RNA Sequencing and Differential Expression Analysis
The Qst-Fst test indicated that more floral characteristics showed local
adaptation than other plant characteristics; thus, a bud stage was
selected for
transcriptome
sequencing. Considering the abovementioned population genetic analysis
results and clustering results for floral characteristics, ten
populations were selected for transcriptome sequencing. Three samples
were collected from each population as biological replicates to ensure
the stability and reliability of the sequencing results (Table S1).
Total RNA was extracted from the samples using TRIzol (Invitrogen, USA)

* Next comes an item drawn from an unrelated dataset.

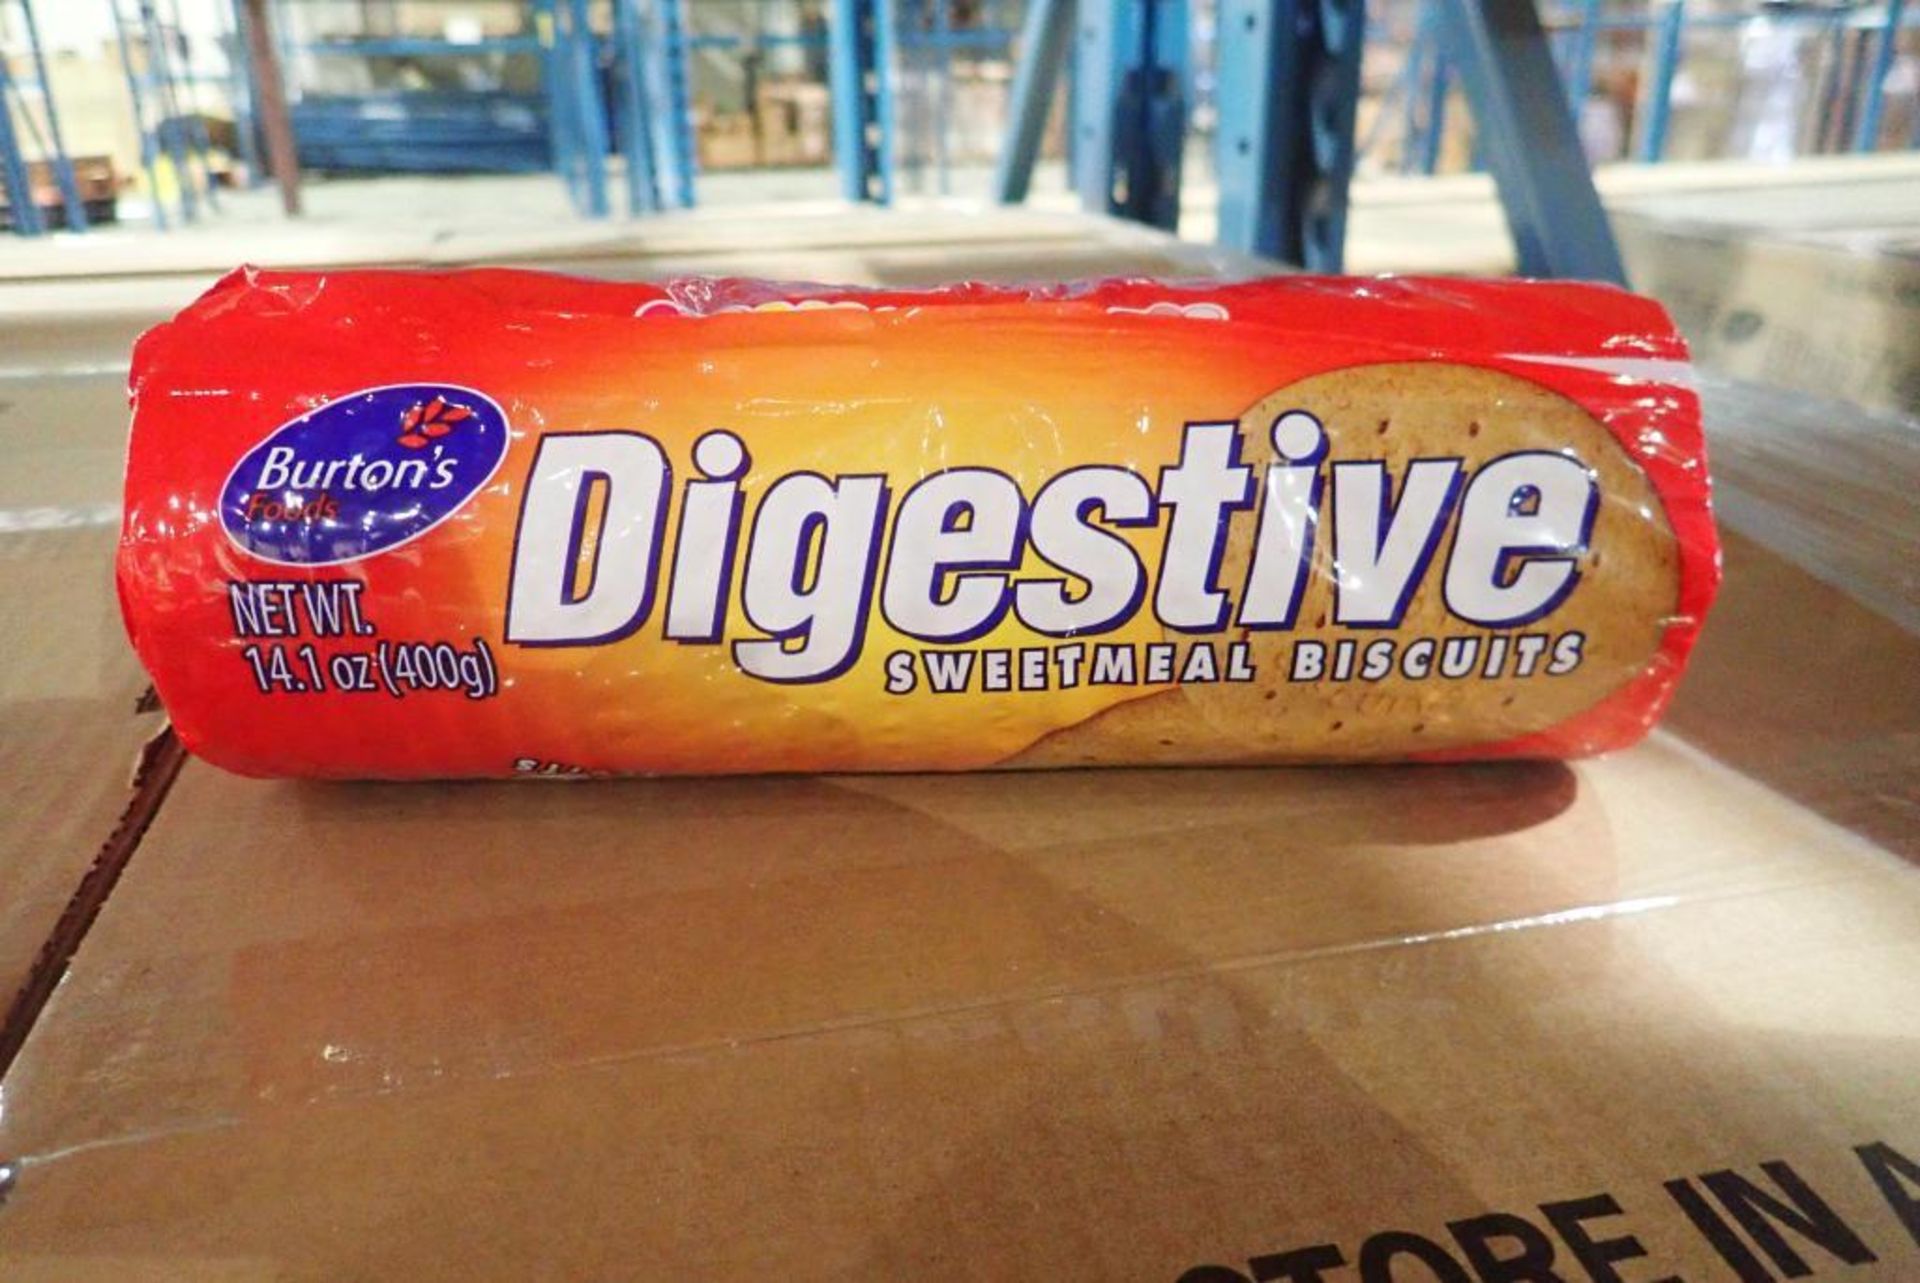 Lot of Approx. (50) Cases Burtons Digestive Sweetmeal Biscuits. - Image 2 of 2

according to the manufacturer’s protocol. A NanoDrop 2000
spectrophotometer (Thermo Scientific, USA) and gel electrophoresis were
used to estimate the RNA quality. An Illumina Hiseq system at Novogene
Technologies, Inc. (Beijing, China) was used for genomic library
generation and sequencing with 2 × 150 bp paired reads. Raw reads were
assessed using FastQC (Andrew, 2010) and filtered using Trimmomatic
v.0.39 (Bolger, Lohse, & Usadel, 2014). The trimmed reads of each
sample were mapped to the same reference genome employed above using
STAR
v.2.7.5c (Dobin et al., 2013), and the expression levels were estimated
using
RSEM
v.1.3.0 (B. Li & Dewey, 2011). Based on the obtained read counts, the R
package DESeq2 was used to calculate differential gene expression via
pairwise comparisons (Love, Anders, & Huber, 2014). Transcripts with an
absolute log2FoldChange (LFC) value greater than 1 were considered
significant DEGs. All the DEGs were analyzed using the clusterProfiler
package in R for Kyoto Encyclopedia of Genes and Genomes (KEGG)
enrichment analysis (Yu, Wang, Han, & He, 2012).